One thing I've established over the years is that clients are a lot more relaxed in their own premises than yours. Getting information out of them to enable us to develop their business is much easier if they're feeling comfortable in their own place.
I spend 80% of my time with clients talking about how we can improve their figures and the other 20% is making sure that everything is ticking away nicely in the office and the staff are happy.
In the last eight months, we've taken two big steps: we shut the office from 2pm on a Friday and the other step we've made is to give the opportunity to work from home. The staff control their own diaries, they control their own time, and we don't record time in any way – we do is record tasks.

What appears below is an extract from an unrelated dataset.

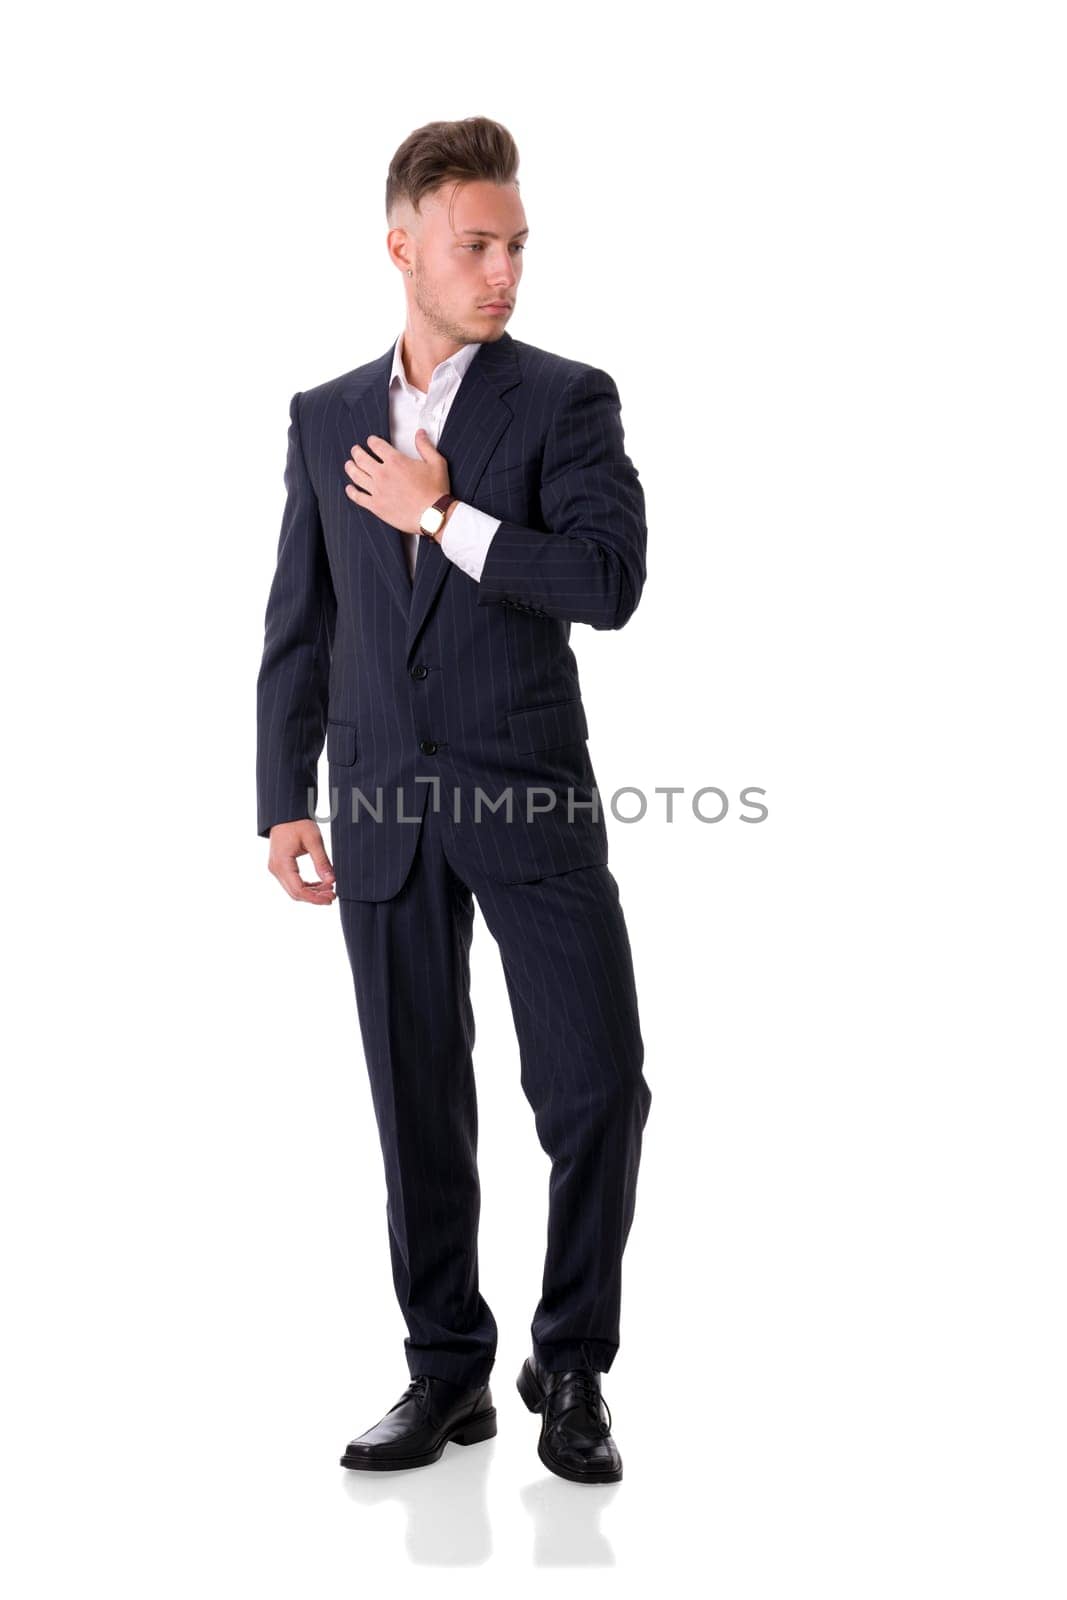 Man in a Suit and Tie Posing for a Picture by artofphoto

We have a Tuesday morning meeting at 9am. Every member of staff, including me, is tasked with bringing to that meeting three things that they're going to achieve this week. If you say those three things you're going to do, then no one else can stop you from doing them other than you. There was a time when some staff members had a to-do list with 40 items. We then use Trello to make sure we all keep on top our tasks and don't get anything late.
It may not be lunchtime but I will always have a break. I only live a mile away so I often head home to see the wife and dog. It's harder when you're working from home because it's easy to carry on working. Yet, on the other hand, there are not as many telephone interruptions or nobody there to chat to.
I go home at 5pm and spend time with the family. If I have a little work to do, it's usually an hour between 7pm and 8pm. I might turn the laptop on and check one or two things and move on. But I am not spending as much time working outside of hours as I used to.
Since we've started remote working we’ve all worked an awful lot fewer weekends. You always get the odd client who wants something done by Monday so you have to work the weekend to get it done, but they are fewer and far between because we work so much closer and educate the clients that you can't leave it that late.
Answering emails after work is something I discourage. You tend to find clients start to expect that as the norm. What you find though is clients who email at 6pm do so because it is on their mind, not because they're expecting an immediate answer.
In the last 12 months, I've got to the point where I don't take my phone out in the evening. It used to be that if it buzzed in my pocket I had to answer it. But often I'll go out and leave my phone in the house.”